The investigators also noted that both family members had extensive amyloid plaques but very few neurofibrillary tangles. Since the 1990s, scientists have suspected that the accumulation of amyloid plaques, found in the tissue between nerve cells in the brain, and neurofibrillary tangles, primarily made up of a protein called tau, was a primary cause of Alzheimer’s disease.
Steven DeKosky, a professor of neurology and neuroscience at the University of Florida, said the team’s discovery suggests that the neurofibrillary tangles are responsible for cognitive loss. Still, the protective gene variants can suppress some tangles and drastically slow cognitive decline.
“These findings demonstrate that Alzheimer’s can be slowed and will hopefully lead to additional new therapies that can someday not only treat the disease but prevent it as well,” DeKosky wrote in an article for The Conversation.
Hispanics/Latinos Underdiagnosed For Alzheimer’s and Underrepresented in Clinical Trials
Older Hispanic adults have a 1.5 times higher risk of developing Alzheimer’s disease and other dementias than older white people. Yet, the disease is underdiagnosed in the community, according to the Alzheimer’s Association.
As a result, Hispanic and Latino older adults could be “exhibiting higher levels of behavioral and psychological symptoms” by the time they are diagnosed, Maria Aranda, executive director of the USC Edward R. Roybal Institute on Aging, told ABC News.
Dr. Zaldy Tan, a memory and geriatric medicine specialist and director of the Cedars-Sinai Health System, told ABC News that there is “no clear answer as to why Hispanics are more at risk of Alzheimer’s disease.” It’s most likely a combination of socioeconomic factors and rates of underlying illnesses like high blood pressure and diabetes, Dr. Tan said. In addition, Alzheimer’s is also difficult to detect.
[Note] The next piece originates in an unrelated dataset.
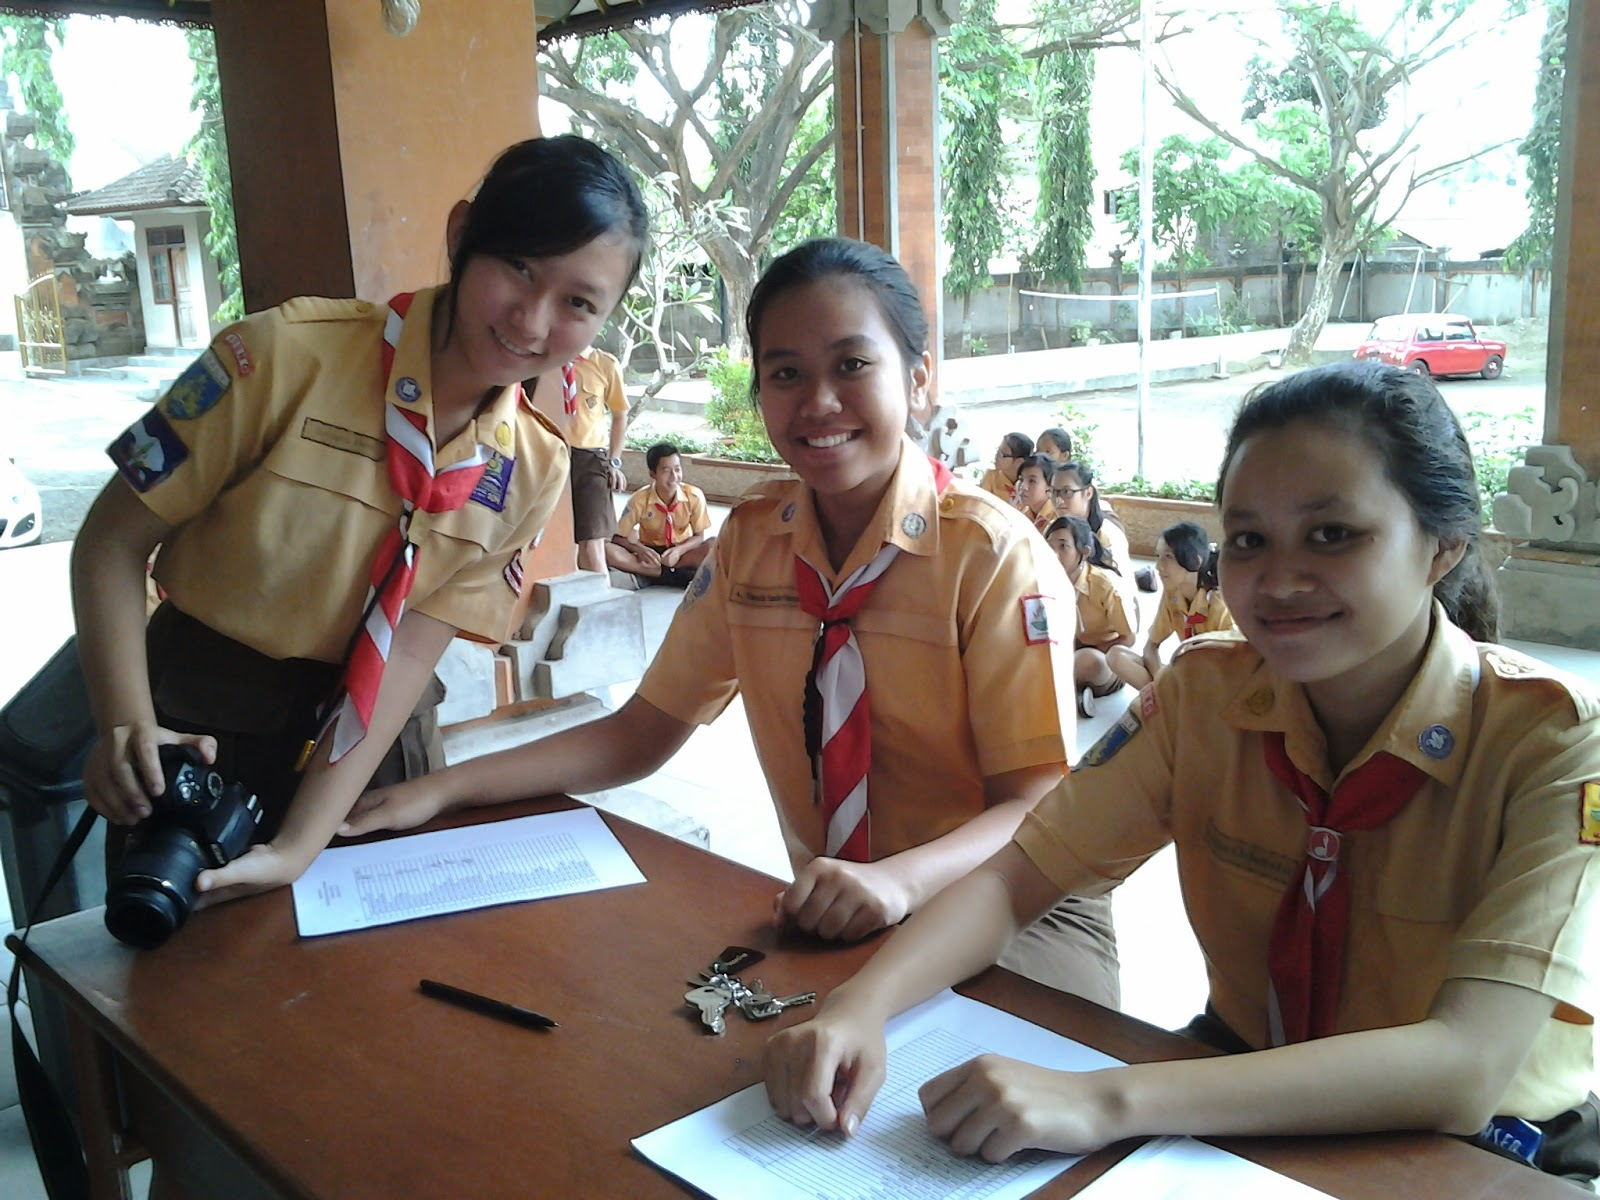 Program Kerja Osis Bidang Olahraga Lari Cepat Accountingpolv Produk Ukm Bumn Bahan Songket Sulam Katun Merah Contoh Smk
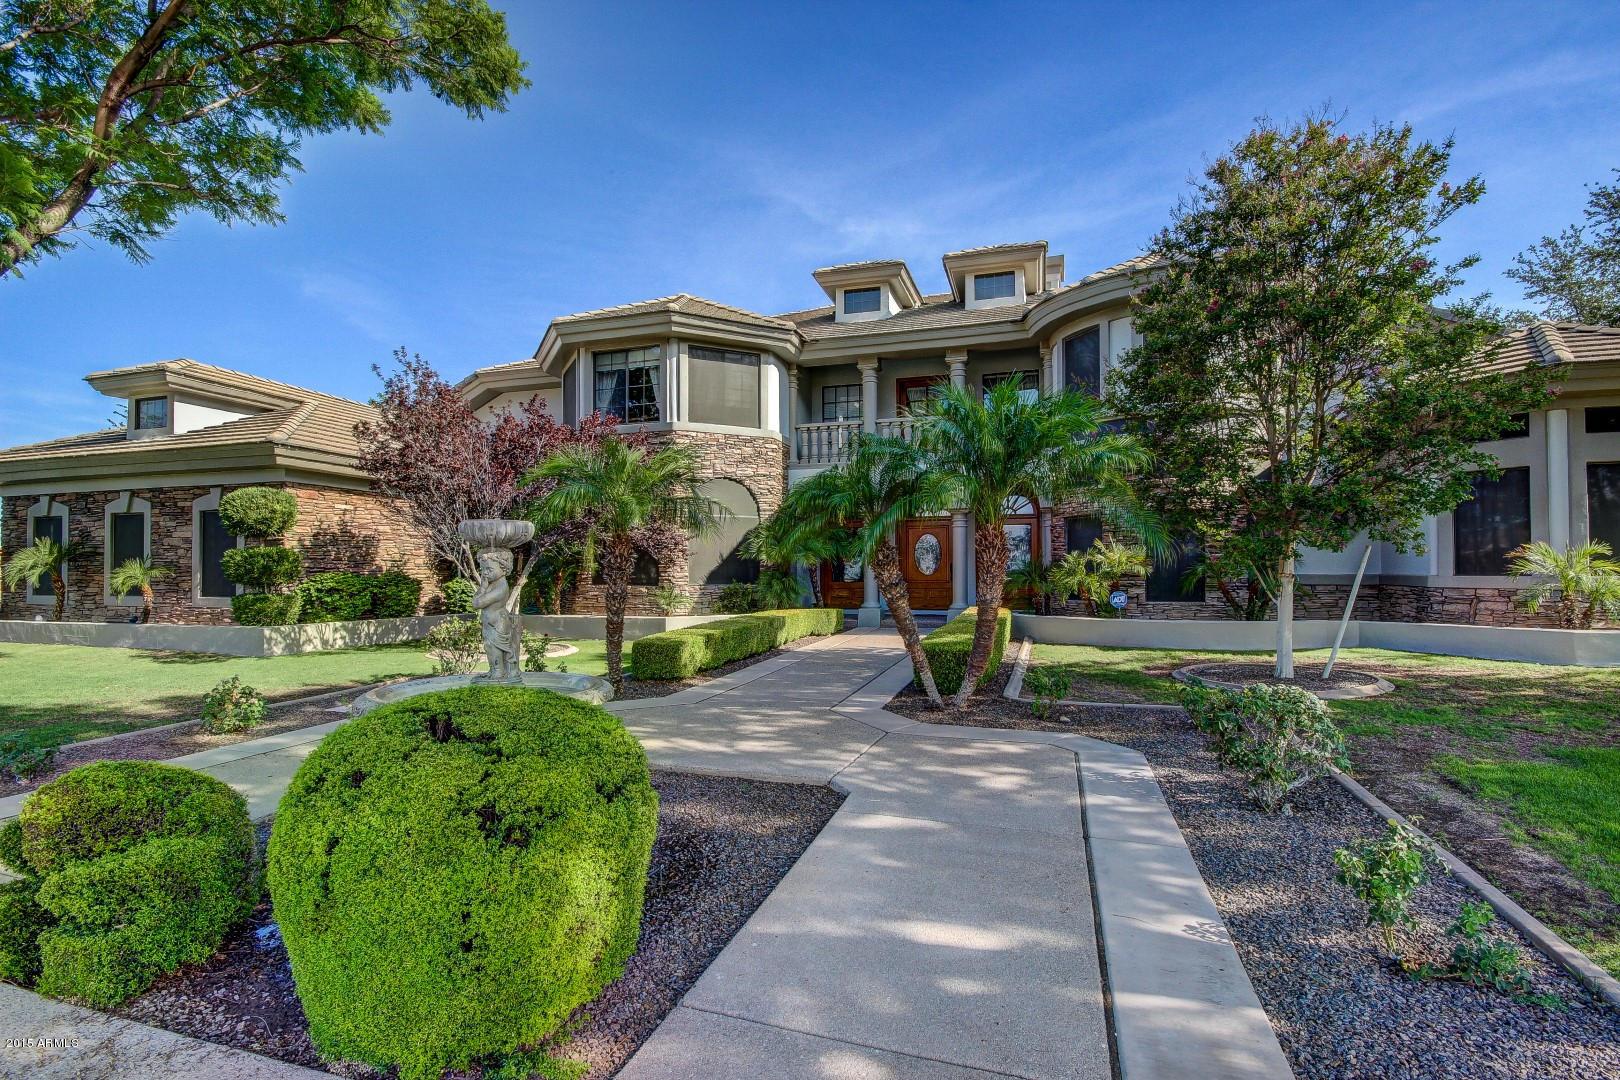 9638 W ELECTRA Lane, Peoria, AZ 85383 - North Scottsdale Cave Creek

“It can take the form of forgetting to pick up something from the grocery, it could take the form of forgetting to pick up your kids after school,” Dr. Tan said. “It’s very subtle in the beginning.”
ABC-owned television stations, in partnership with ABC News, produced an hour-long special focusing on the alarming data of Alzheimer’s disease from the perspective of the Hispanic and Latino communities. Evelin Miranda was Featured on the program, she said she noticed that her husband, Eddie, had started picking her up from work late, and her son told her that Eddie was paying bills late.
“Things just weren’t getting better,” Miranda said. “I was saying to myself, well, there’s something wrong.”
In 2018, Eddie was diagnosed with Alzheimer’s disease, and he still lives at home. Evelin says she is familiar with Alzheimer’s disease because she has a nursing background. But being a full-time caregiver for a family member is entirely different.
“You never expect it in your own home, with your own loved one, your partner, that you share your whole self to,” Miranda said.
Older adults in the Hispanic and Latino community are also less likely to participate in research studies involving Alzheimer’s and other dementias.
“Clinical trials come in two different types. You have pharmacological trials —those geared towards drugs—and those not geared towards drugs, the lifestyle interventions,” Christian Salazar, a research scientist at the UC Irvine Institute for Memory Impairments and Neurological Disorders, told ABC News.”We need Hispanic participation in both of these types of clinical trials because, without them, we won’t know how to intervene.”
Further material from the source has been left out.